Un questionnaire pour évaluer l’impact

« Il faut ensuite juger de son impact, explique Johann Goineau. Comment faire accepter cette innovation dans l’entreprise ? Elle peut perturber des équilibres, des habitudes. Il faut faire preuve d’innovation dans la façon de déployer une innovation. L’acceptation dépend largement d’un processus psychologique qui détermine si l’utilisateur va accepter ou rejeter cette nouvelle technologie. Nous nous sommes appuyé sur un modèle d’acceptation développé par l’INRS, structuré autour de 6 dimensions, toutes importantes :

  • La facilité ou non d’utilisation.
  • Est-ce performant (pour la sécurité, la santé) ?
  • Les conditions facilitantes (est-ce bien expliqué par l’entreprise ? Est-ce clair ?).
  • La dimension sociale. Ce que l’entourage perçoit au sens large : le regard des collègues, mais ce peut être aussi celui des riverains.
  • La construction de l’identité professionnelle de celui qui l’utilise. Est-ce que ça valorise son métier ou non ? Est-ce que ça lui permet de développer de nouvelles compétences ou non ?
  • Les affects ou le ressenti de l’utilisateur. »

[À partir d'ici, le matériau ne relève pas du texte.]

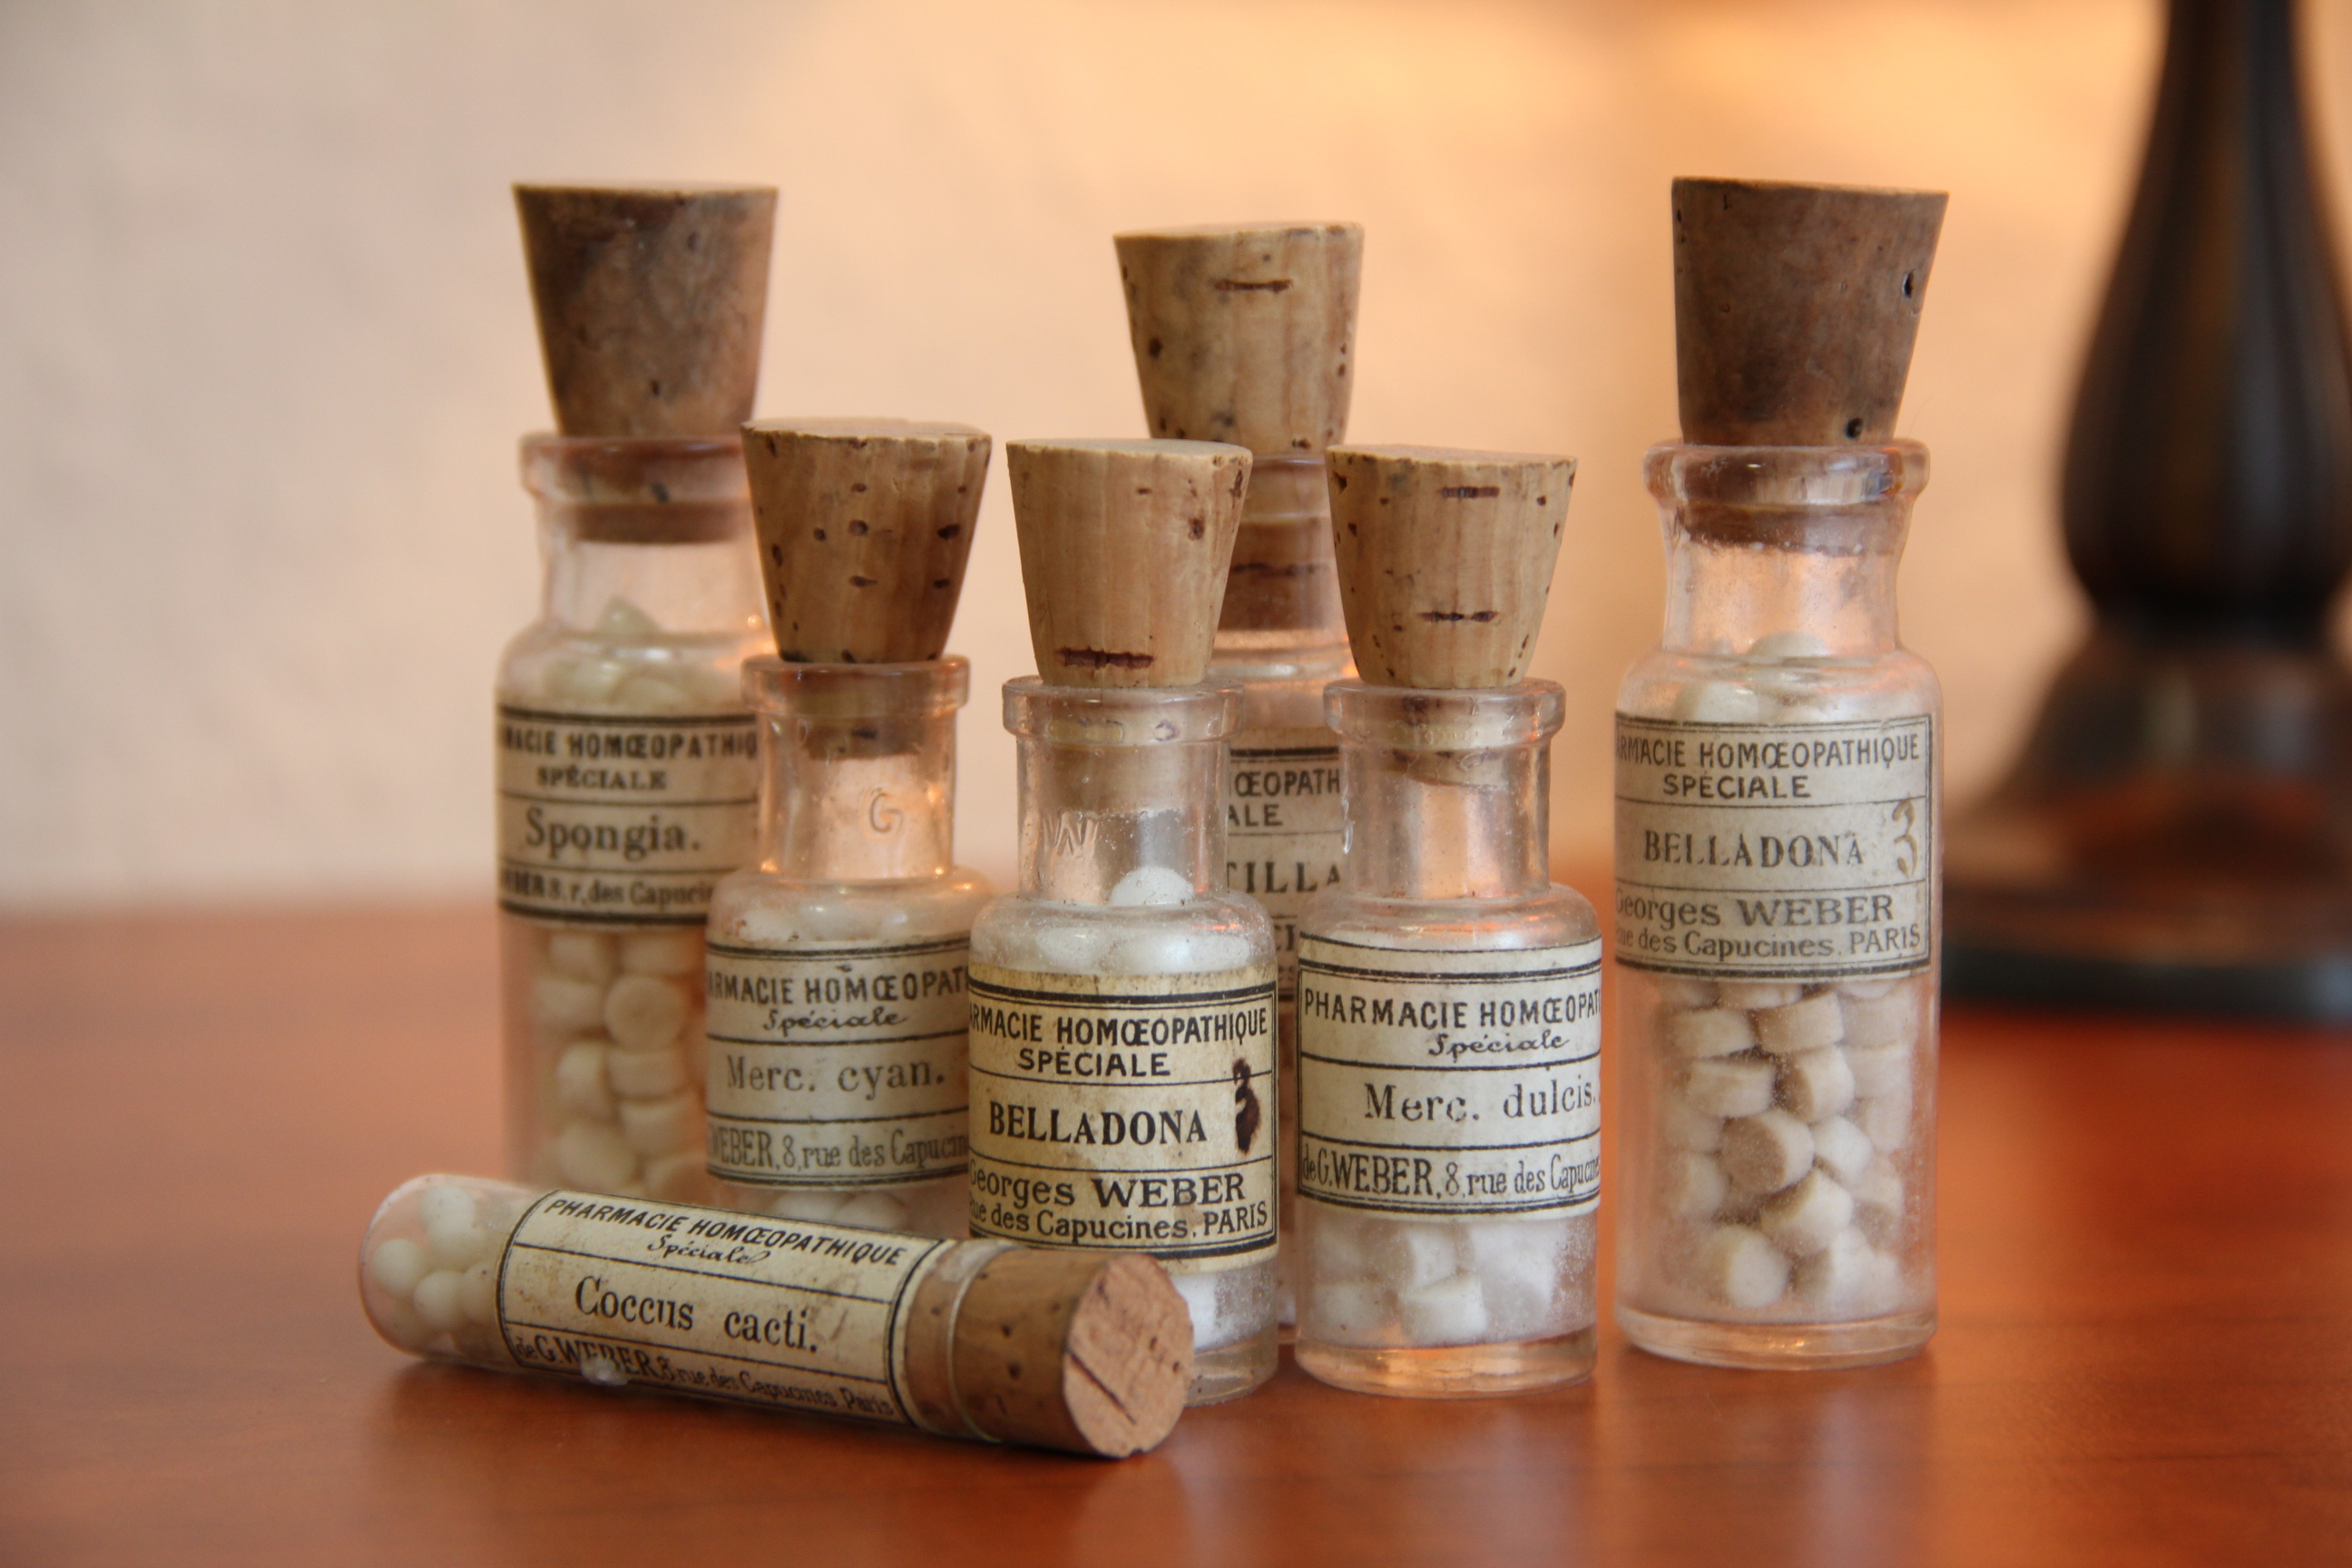 Diferentes remedios homeopáticos. Fuente: http://www.avicenna-med.hu/

« En travaillant sur ce modèle de l’INRS, nous avons conçu un questionnaire adapté à notre usage. Nous avons employé ce questionnaire auprès des utilisateurs de l’Exopush. Les questions ont été posées en présentiel auprès des utilisateurs. L’objectif est maintenant d’élargir auprès d’autres personnes pour comprendre l’influence sociale. L’acceptation peut se poser pour de nombreuses innovations, que ce soit pour le digital ou la réalité augmentée par exemple. »

Colas travaille sur un projet de visualisation des réseaux enterrés par réalité augmentée, via téléphone ou tablette. CR : Groupe Colas

En terminant, Johann Goineau souligne la nécessité de sensibiliser les collectivités, les donneurs d’ouvrage, les maîtres d’œuvre, les bureaux d’études sur l’importance de l’innovation, qu’il s’agisse d’innovations dans les produits et services ou, à l’interne, au niveau de l’organisation de l’entreprise. « Il faut diffuser une culture de l’innovation », conclut le chef de Projet Innovation chez Groupe Colas.